Si la jurisprudencia en un sistema autoritario se basa en el sesgo de grupo, es decir, en justificar las decisiones sobre la base de los valores e intereses del sector del que se es parte, viviremos en un quiebre sistemático de los derechos y garantías ciudadanas. Y así se materializa una de las aplicaciones prácticas del contraconstitucionalismo: la manipulación de los procesos electorales.

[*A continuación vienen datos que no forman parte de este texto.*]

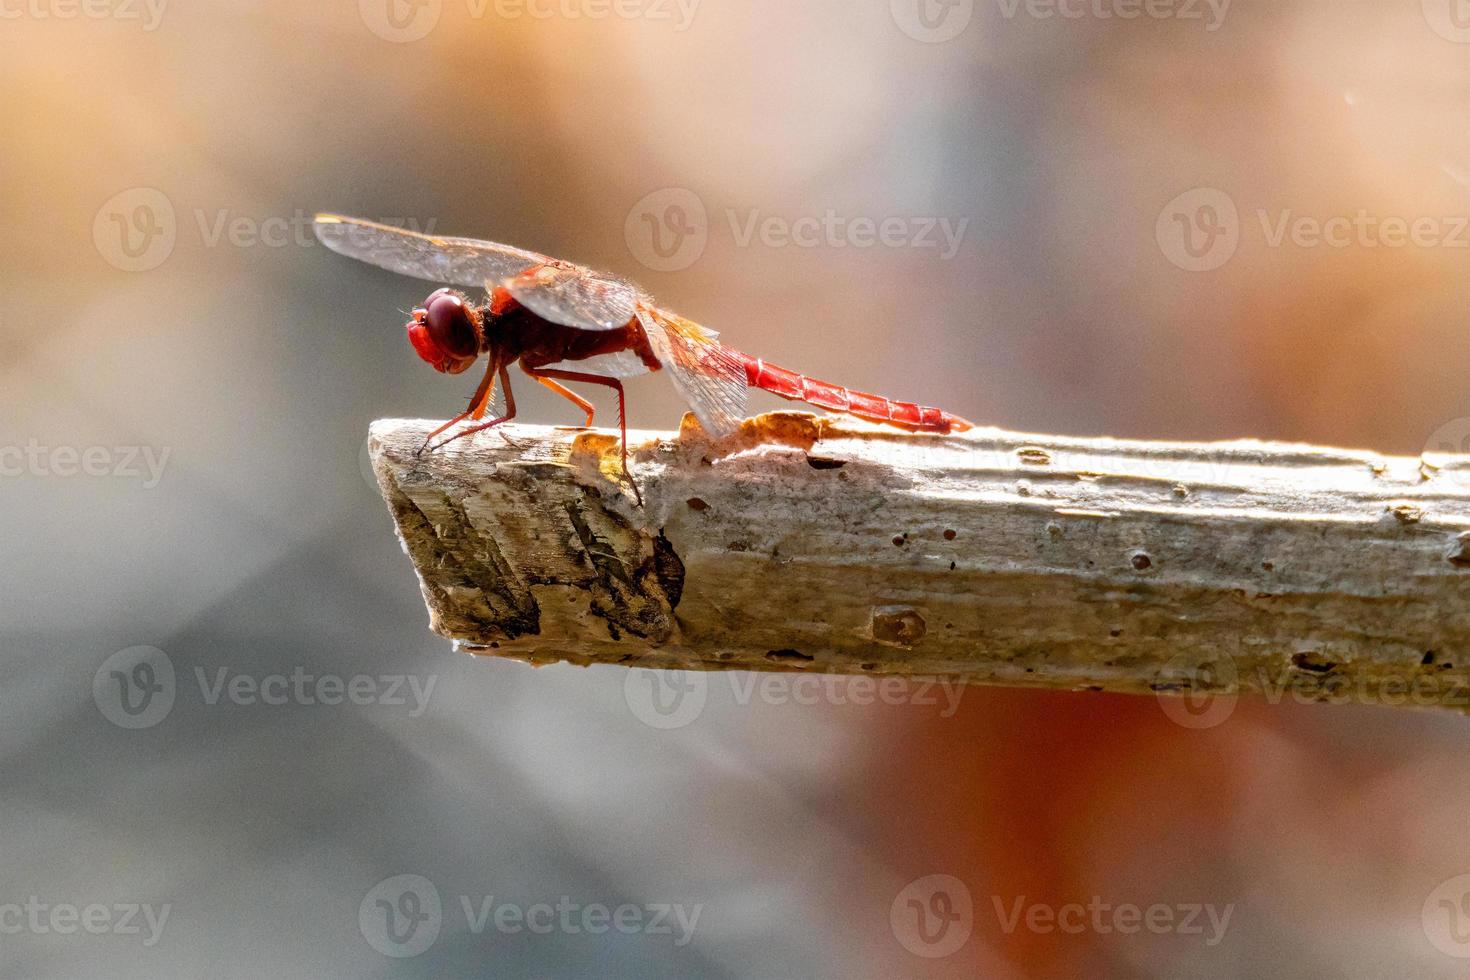 Cardinal Venerossa dragonfly perched on a branch photo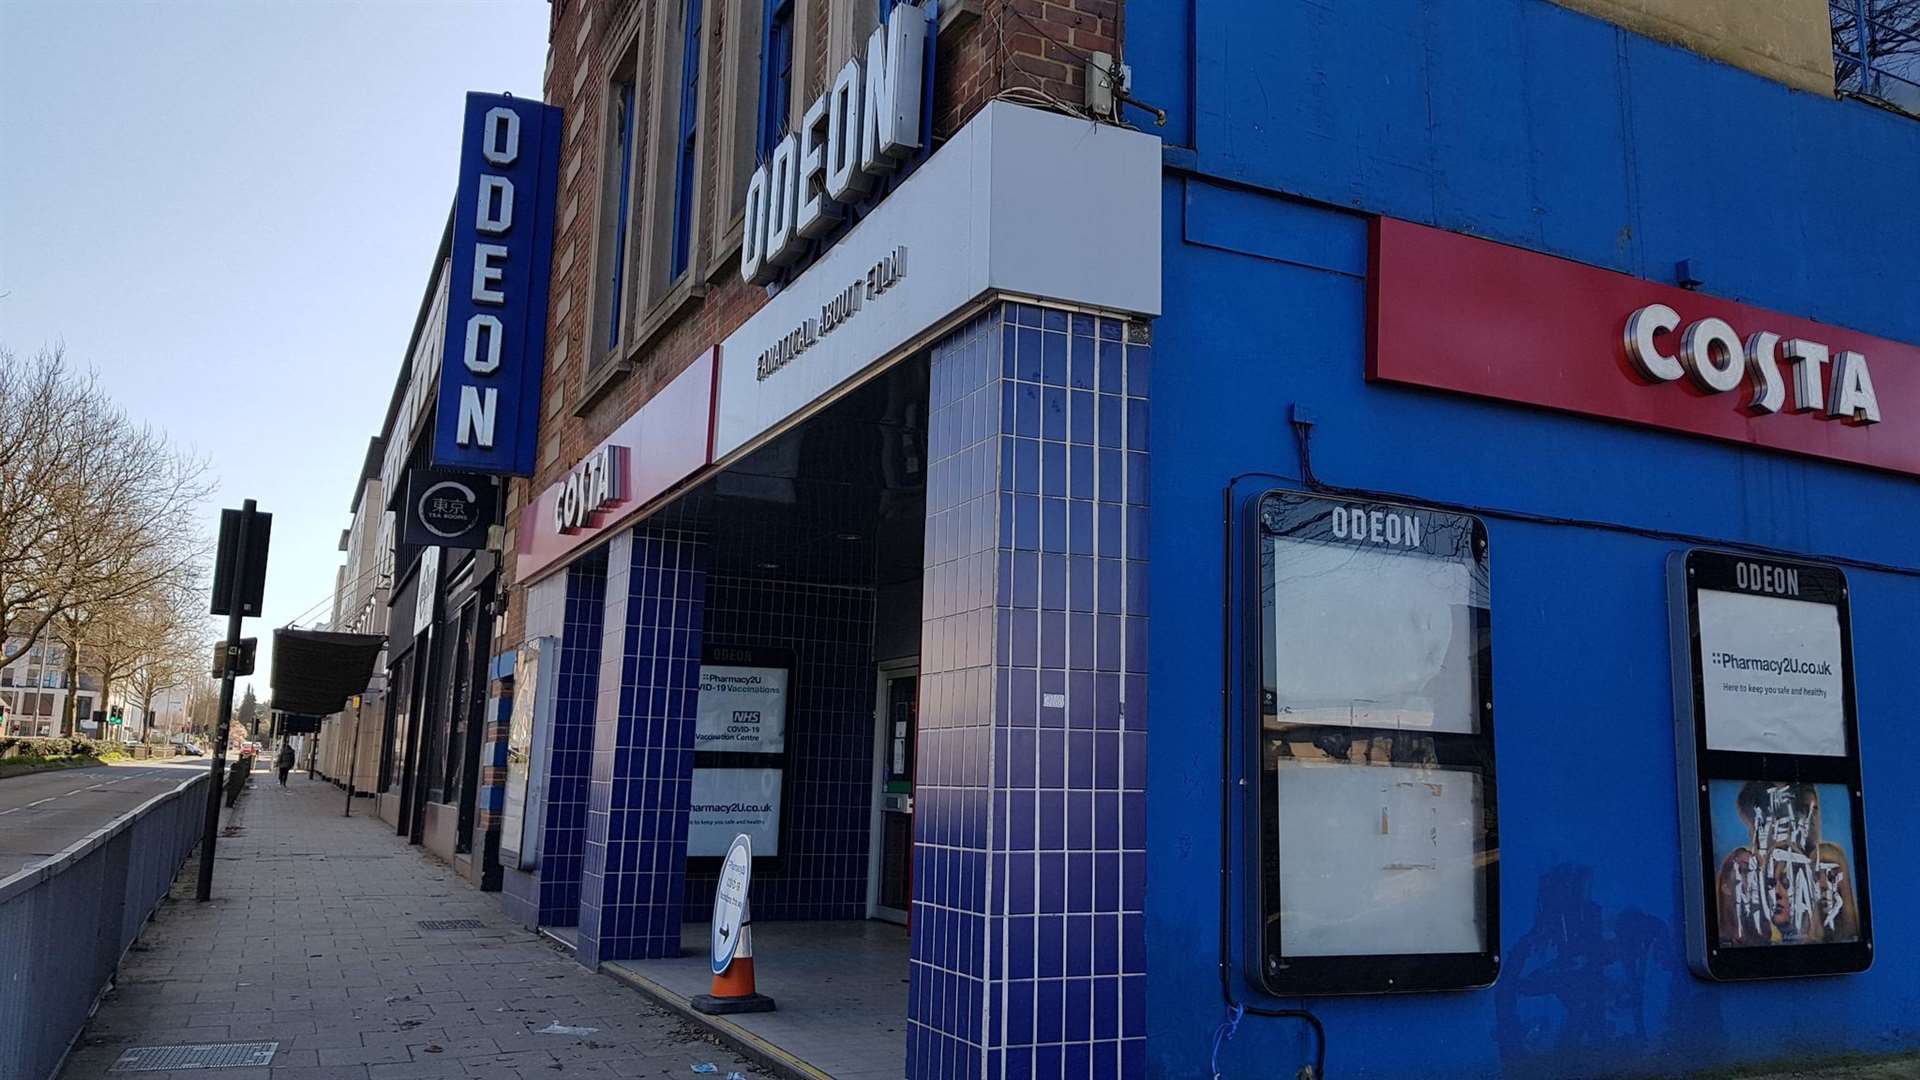 Canterbury's Odeon cinema, which has now shut, is poised to become housing

Ítem más: en Venezuela vivimos una paradoja porque no se respetan las normas de bioseguridad impuestas por el covid-19, pero sí los mandatos de la pretendida justicia constitucional, pese a que la población rechaza mayoritariamente esas decisiones. La conducta descrita se hace ante la amenaza de la represión. Esto lo explica Quevedo en el Alguacil Alguacilado, cuando describía una población que no creía en las normas, pero las cumplía cuando sentía la amenaza de la fuerza: “Vienen los alguaciles, pues al infierno vamos”.

Y es ese parte del drama, pero al mismo tiempo el reto de los venezolanos comprometidos con su destino.